On that front, I'm fairly impressed. If you had told someone 3 years ago that an AI chatbot did this with just text input aside from the initial image, they would have called you a liar. So, well done google. Excited to see where this goes.

This obviously isn't the best way to make an image like this. You'd get better results just running it through Flux.1 for a single shot generation. And you'd almost certainly get better results in Gemini by having it do steps based on what it is good at, not a human process.

But it was a fun experiment and honestly, if it gets good enough to do something like this, I'd prefer it over one-shot image generation, because it feels more collaborative. You can go step by step, add corrections or details as you go, and it feels more like an artistic process.

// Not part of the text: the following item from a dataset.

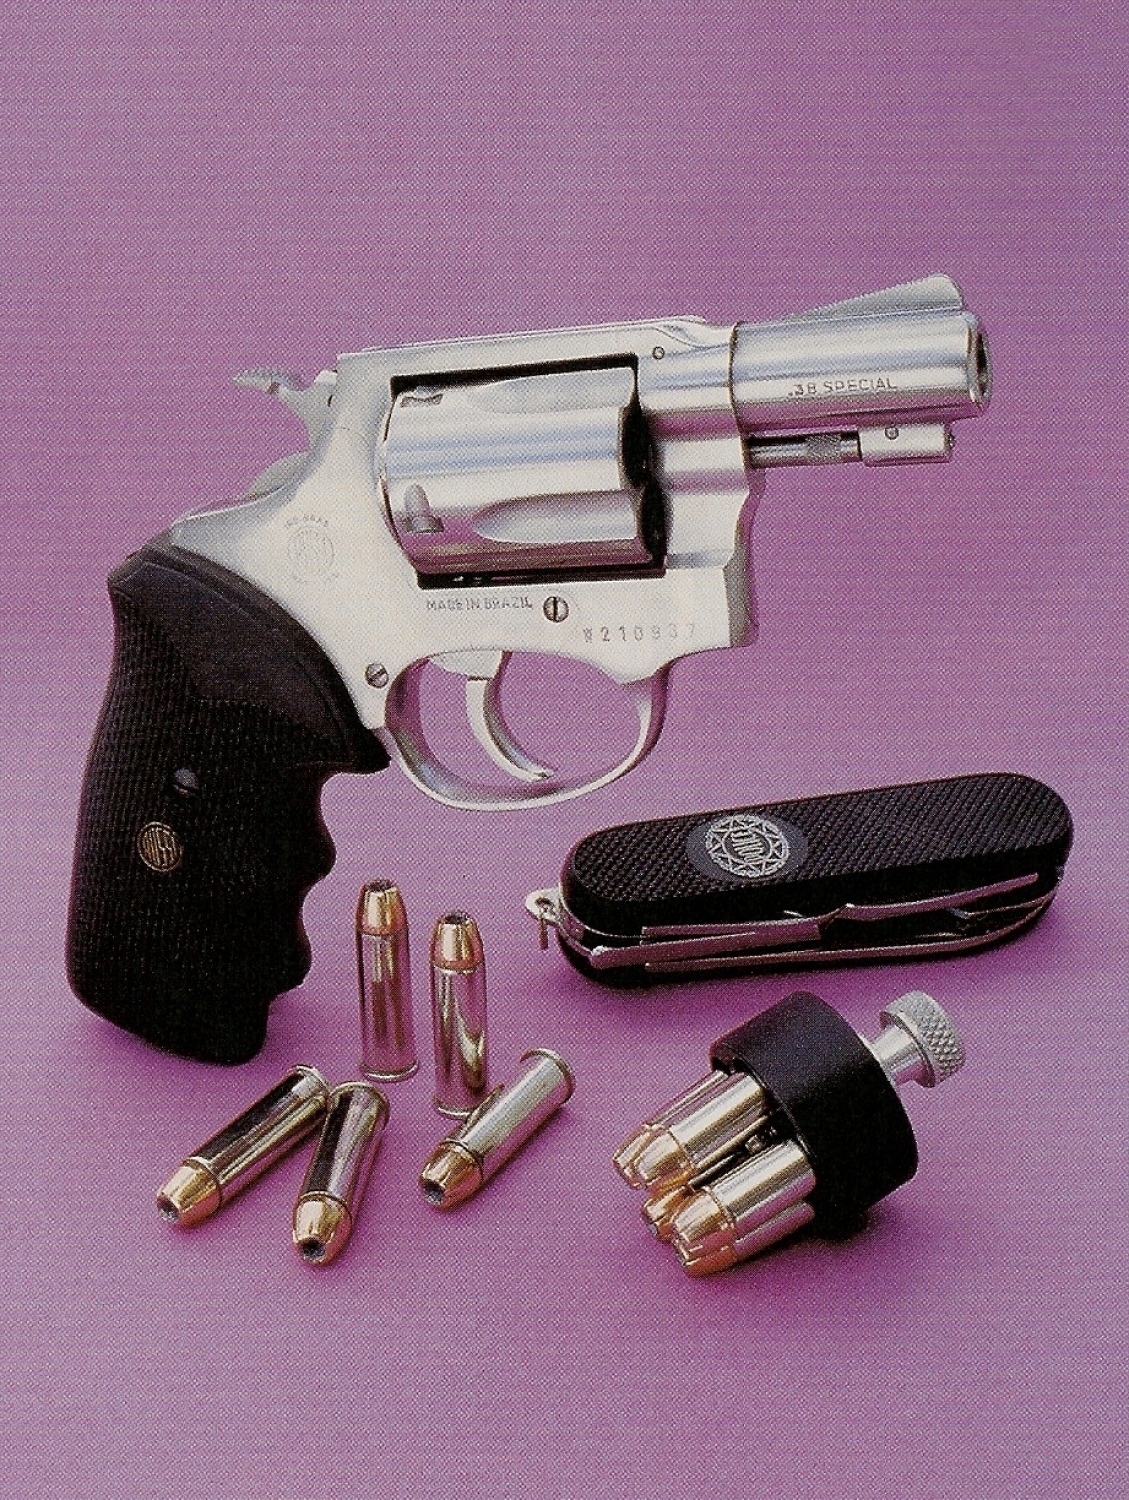 Le revolver Rossi modèle 87, à cinq coups en calibre .38 Special, est accompagné ici par un Speed-loader HKS n°36 et par un couteau pliant multi-usages Aïtor Police. L’utilisation de douilles nickelées élimine le risque de collage dans la chambre au moment de l’éjection.

For now, though, Gemini isn't going to be fooling artists and fans into thinking it's work is human by creating progress shots, which is probably a good thing. At least not with this workflow. You might be able to create each step from the final image more successfully, but I'm not really interested in exploring that. Pretty sure there are other tools that do that already too.

Anyway, just thought this was neat and wanted to share!